There’s an Iditarod Fantasy League (It’s on the mushers, not the dogs!) Alaska Dispatch News

There’s now overwhelming circumstantial evidence that Oklahoma is causing its own earthquakes (in a state represented by the only U.S. Senator absolutely certain that humans don’t add to global temperature rises) Bloomberg Business Week

If you’re wanted on 37 charges, and the only thing you’ve got to escape cops in is your RV, then RV, it is. Alaska Dispatch News

John Deere told the U.S. Copyright office that even if you bought and paid for your tractor, you still don’t own it. (Deere does, because of all the electronic stuff that makes it work; you just get a license to use it.)

The delta smelt are approaching extinction, and California is using 233 billion gallons of water a year to save them. Who knew Calif had 233 bn gallons lying around? (Bonus: Smelt’s still getting scarcer.) Wall Street Journal

At least one UK council is standing firm on what “restitution” means; you tear down a pub they told you not to, and you have to put it back, brick by brick. London Evening Standard

Japan may have its high-tech toilet expos, and South Korea its toilet-themed park, but an entrepreneur in Italy’s Piacenza province has just opened the Museo Della Merde (a “poo-seum”) with TMI about number due. United Press International

An artist-designed robot, programed to buy things randomly on the “dark” Internet, was . . “arrested” . . by Swiss police when it happened to buy 10 ecstasy pills. The Guardian (London)
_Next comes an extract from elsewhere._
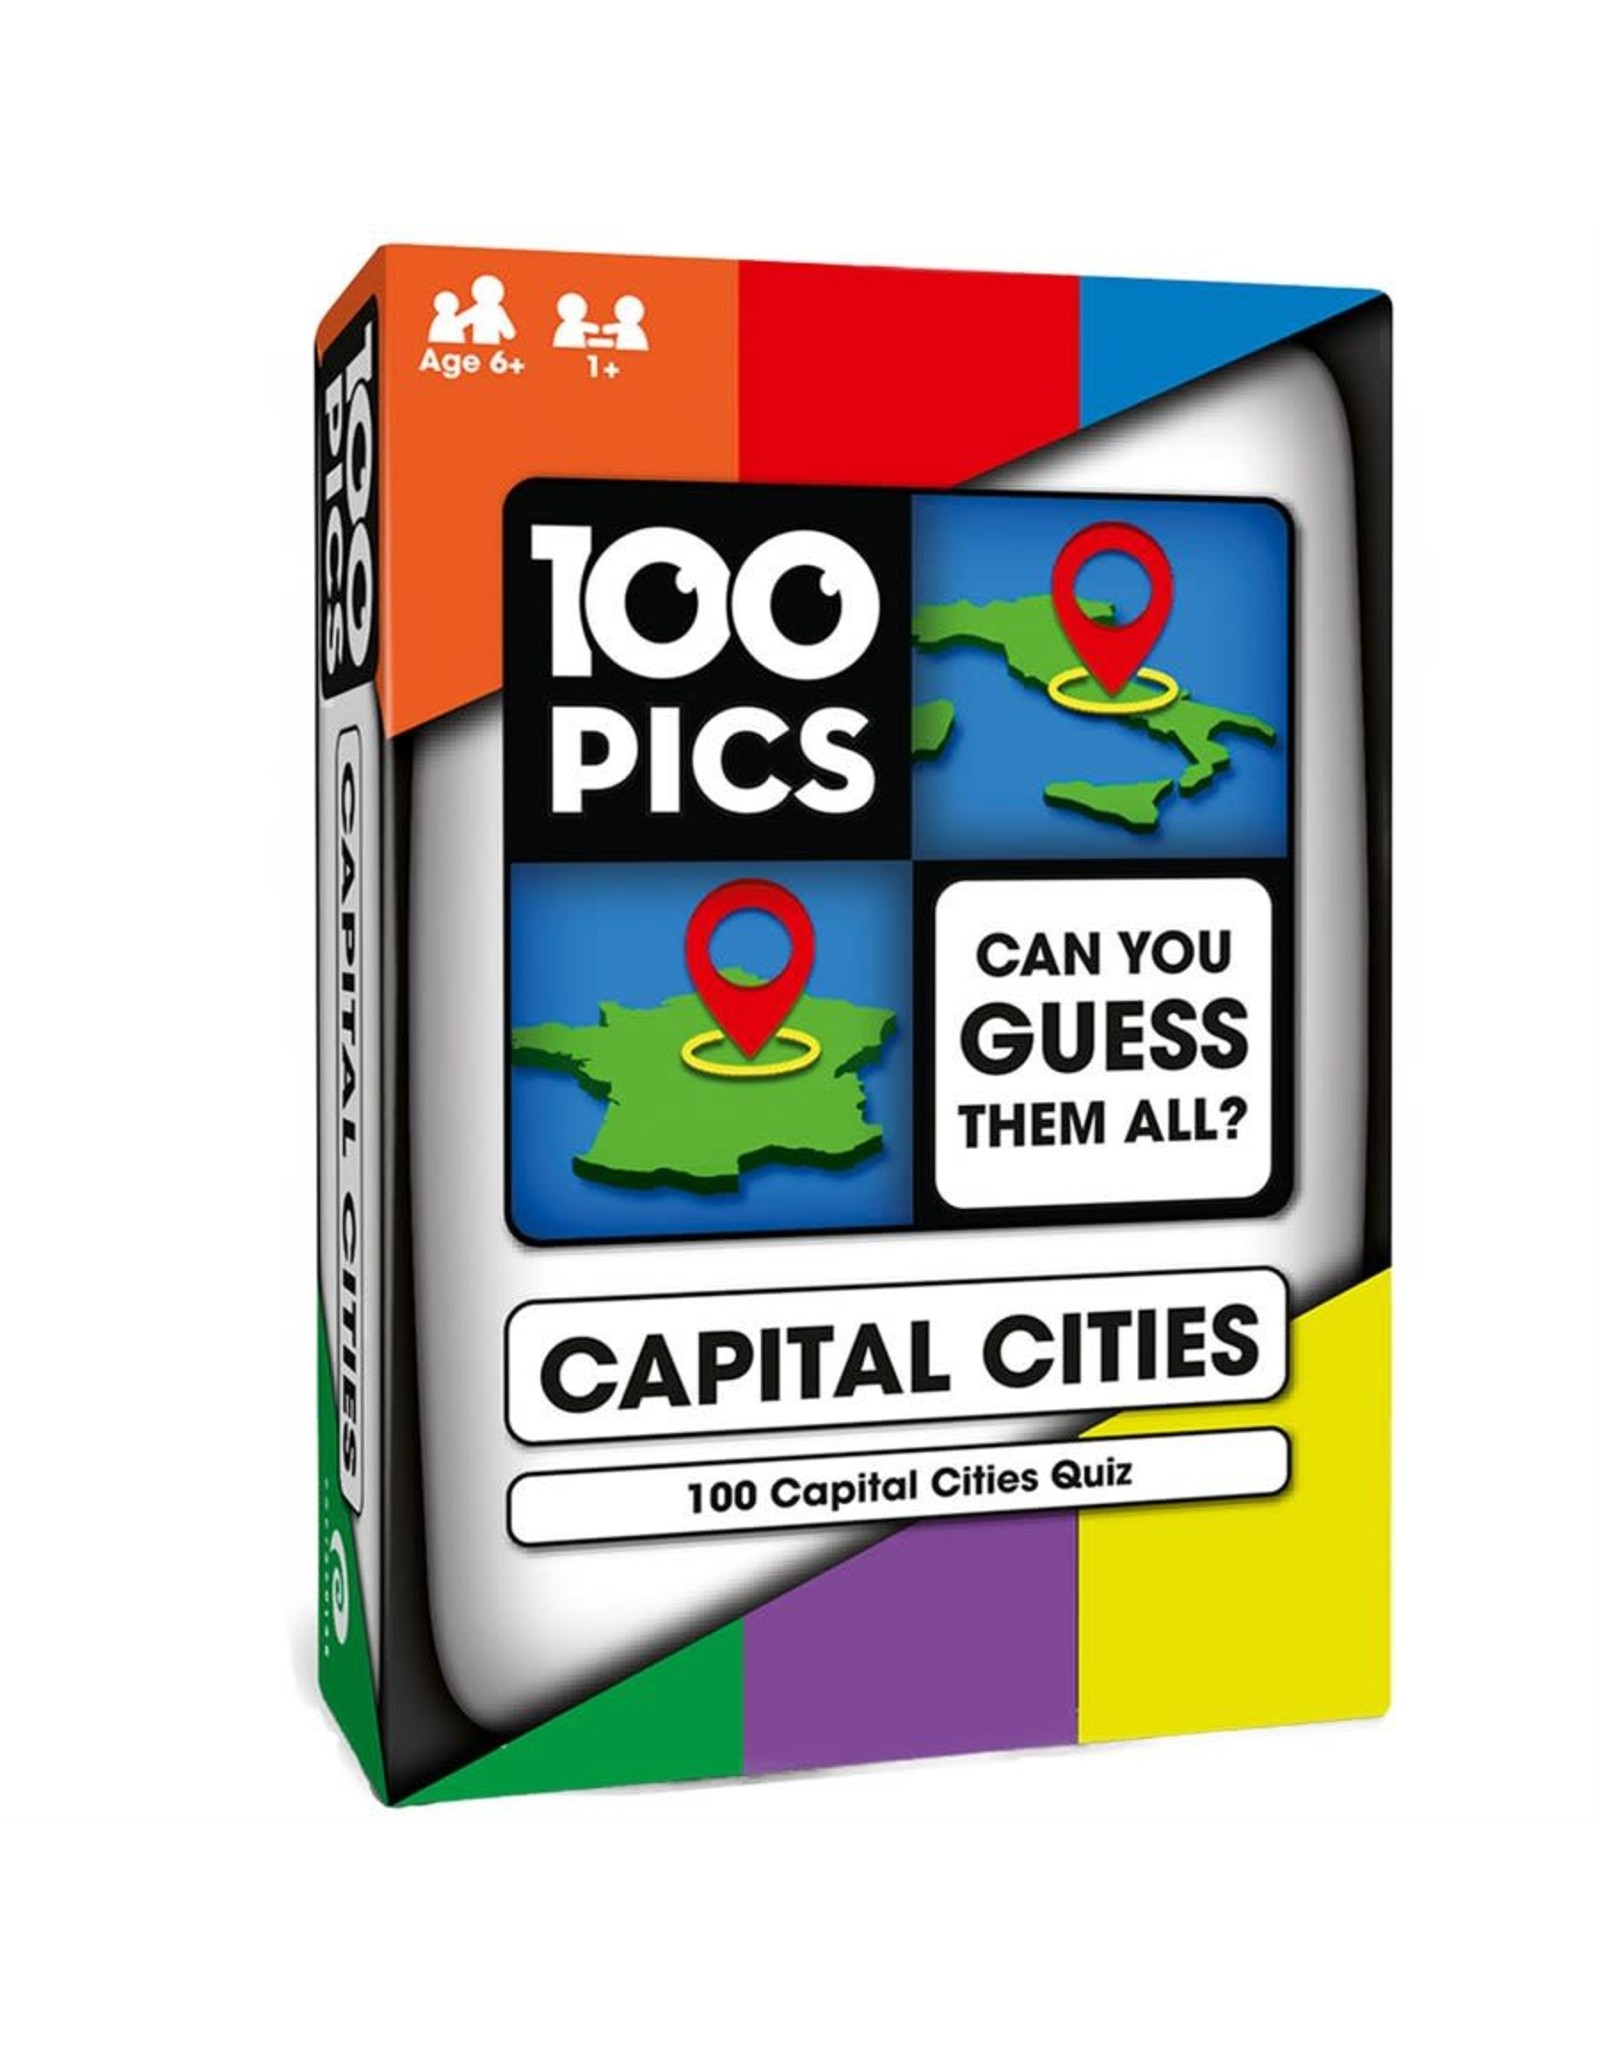 Haba 100 PICS - CAPITAL CITIES

Only 17 states have specific laws to protect against “revenge porn” (exposing ex-lovers’ goodies), and if the vic tries a “takedown” notice under the Digital Millennium Copyright Act, she has to file images of her gazongas with the U.S. Copyright office (and it still doesn’t work very well legally). CNN

Posted By: Chuck - Mon May 04, 2015 - Comments (3)

Noise Complaint

The joy of neighbors! Police gave 91-year-old Yvette Vachon of Quebec a ticket for $148 after her neighbors downstairs complained she was making too much noise. Apparently her la-z-boy style rocking chair was too loud.
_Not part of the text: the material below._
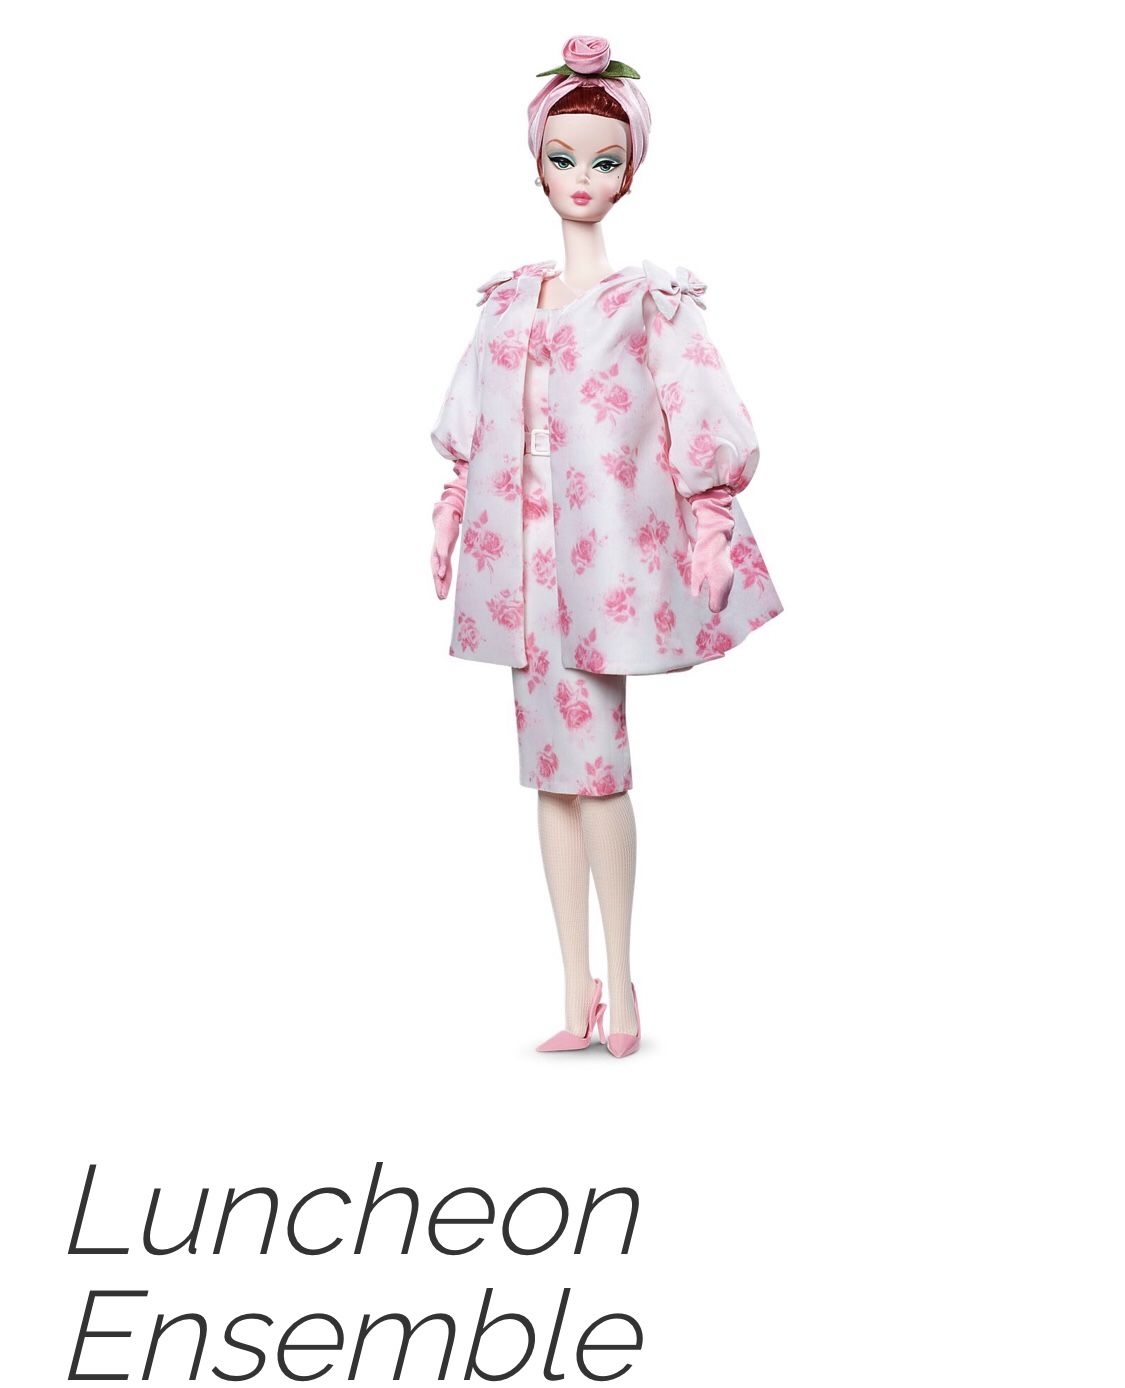 Silkstone barbie - Luncheon ensemble

However, after reviewing the complaint (and possibly swayed by all the media attention the case was getting in Canada) the city cancelled the fine. [National Post]

Posted By: Alex - Mon May 04, 2015 - Comments (6)
Category: Law




Now this is how you encourage young girls to study engineering: by showing them refrigerators! I think it's time we brought back this neologism. "The Army Corps of Femineers!" Can you imagine the uniforms? Who wouldn't want to belong?

Posted By: Paul - Mon May 04, 2015 - Comments (5)
Category: Domestic, Appliances, 1950s, Women

May 3, 2015

Beware Bad Beard Bacteria

Beards can contain as much fecal bacteria as a toilet. Depending, of course, on the hygiene of the beard wearer.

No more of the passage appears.